En el nuevo boulevard gastronómico Terrazas San Cristóbal, este lugar apuesta por una cocina simple, sabrosa y a buenos precios, acompañada de una amplia oferta de cócteles y destilados que mandan en la barra.
Fotografías © Darío Córdova / WhereLunch
Deconstrucciones, esferificaciones, espumas y humos. La gastronomía se ha vuelto cada vez más sofisticada, con técnicas de vanguardia que asemejan la cocina a un laboratorio.
Pero hay veces donde los comensales quieren ir en sentido contrario, quieren volver a las raíces, a la comida simple, bien hecha, con sabor y sin mayores pretensiones.

Esa es la premisa de Bartolo, un nuevo restobar que debutó hace un par de meses en Terrazas San Cristóbal, el nuevo barrio bohemio ubicado a los pies del cerro hacia el lado de Providencia, con la Chascona, la casa de Pablo Neruda como punto de referencia y que tiene la honestidad como bandera.
Honestidad que se muestra en sus platos, en sus cócteles y en sus precios.

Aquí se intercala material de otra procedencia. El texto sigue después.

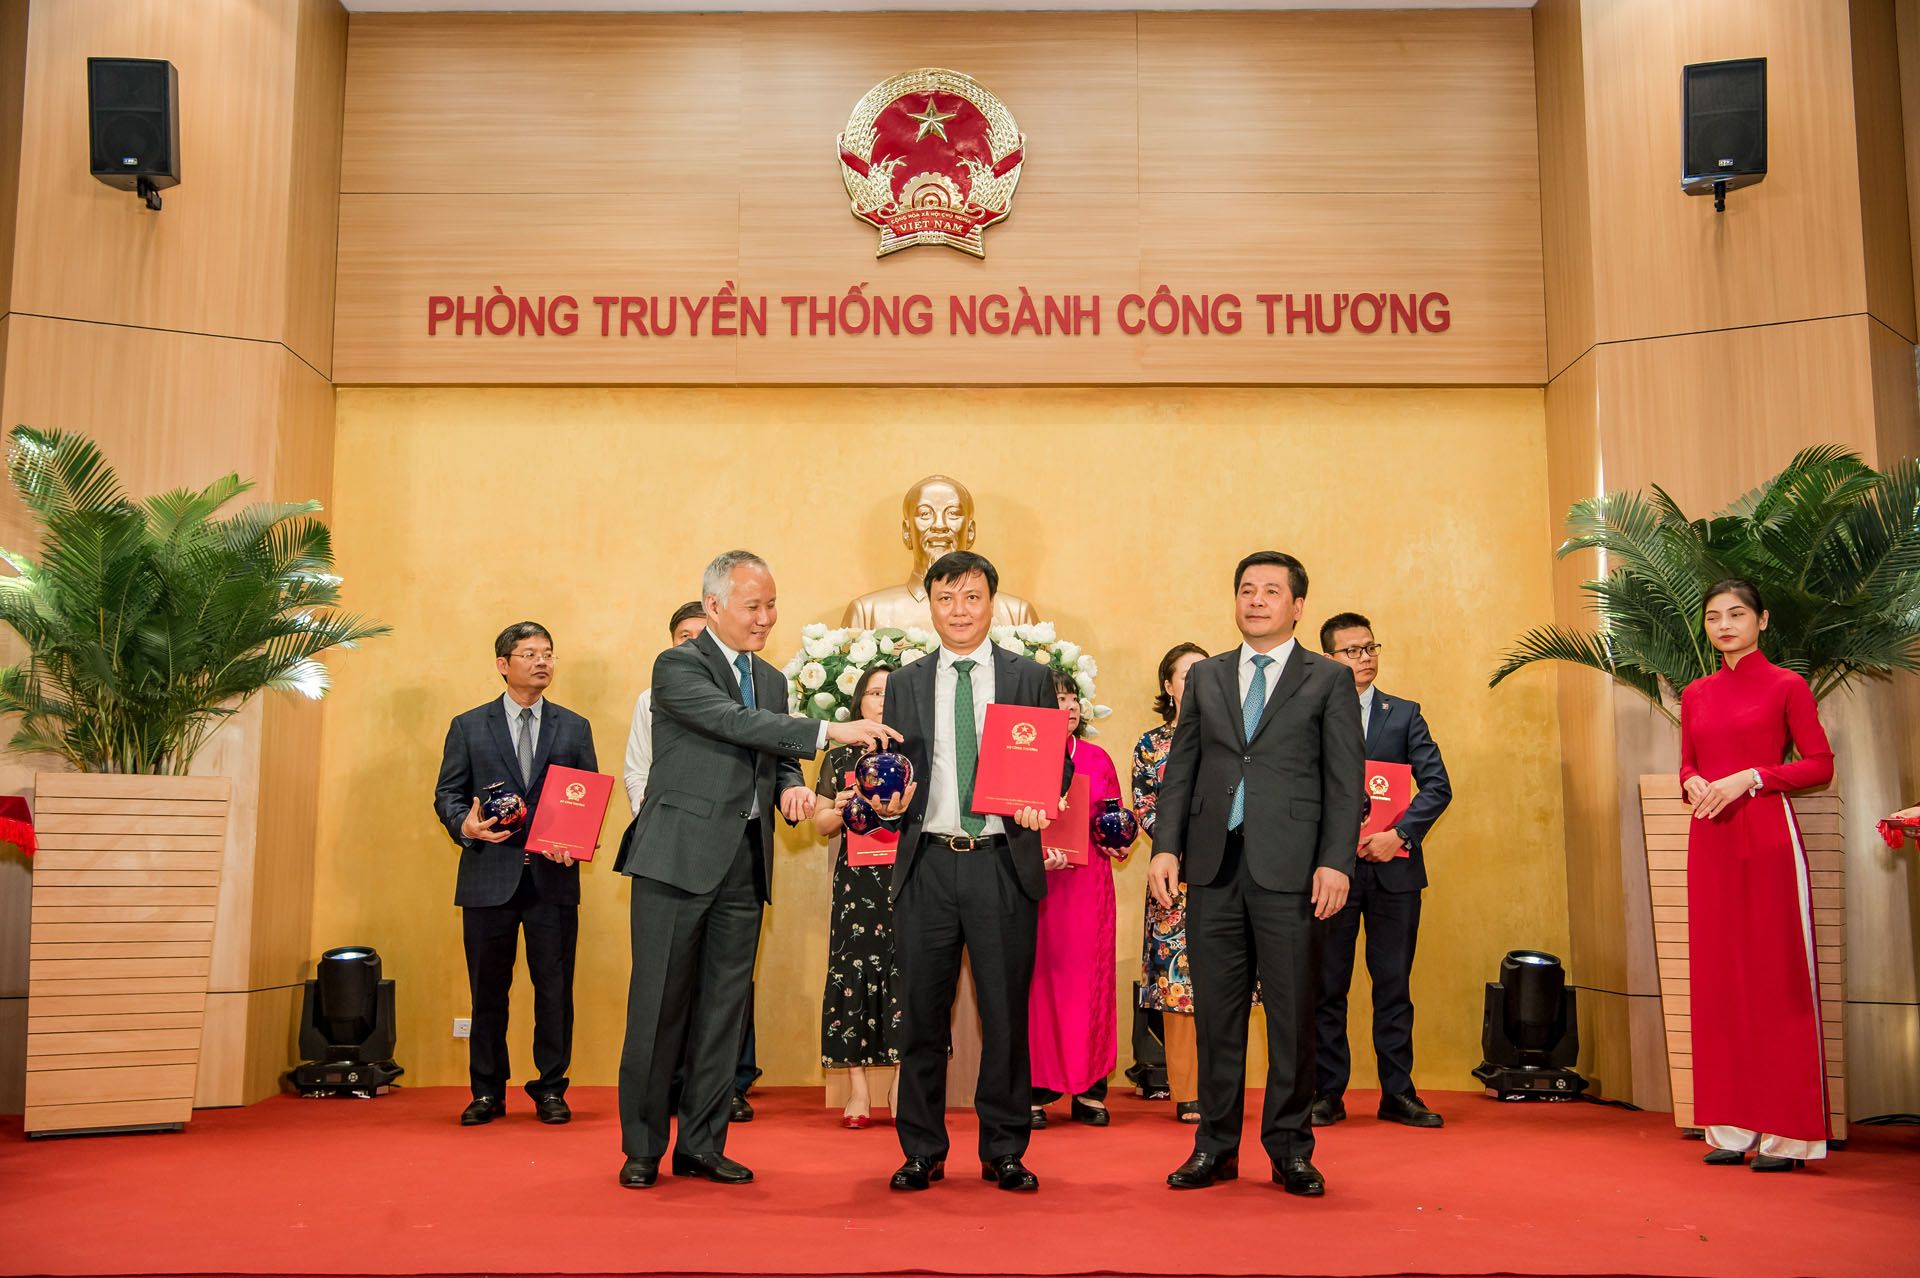 Bộ trưởng Nguyễn Hồng Diên và Thứ trưởng Trần Quốc Khánh trao thư cảm ơn cho các đại diện tập thể, cá nhân có nhiều đóng góp trong việc xây dựng Phòng Truyền thống ngành Công Thương

Acá no hay mirada de autor, si no sabores simples y transparentes, y así se siente en su Tartar de Salmón, abundantes dados de este pescado aderezados con una salsa acevichada que le da una nota cítrica.

Por el mismo camino va el Tartar de Vacuno, filete cortado a cuchillo servido con pepinillos en brunoise, aderezados con salsa inglesa, tabasco y una yema cocinada a baja temperatura que hace las veces de una cremosa salsa.
Como buen restobar, la carta de Bartolo es pródiga en platos para compartir. Probamos sus Croquetas de Chorizo, receta de inspiración española que acá le falto trabajo, con una salsa bechamel demasiado líquida y un chorizo que se siente más en textura que en sabor.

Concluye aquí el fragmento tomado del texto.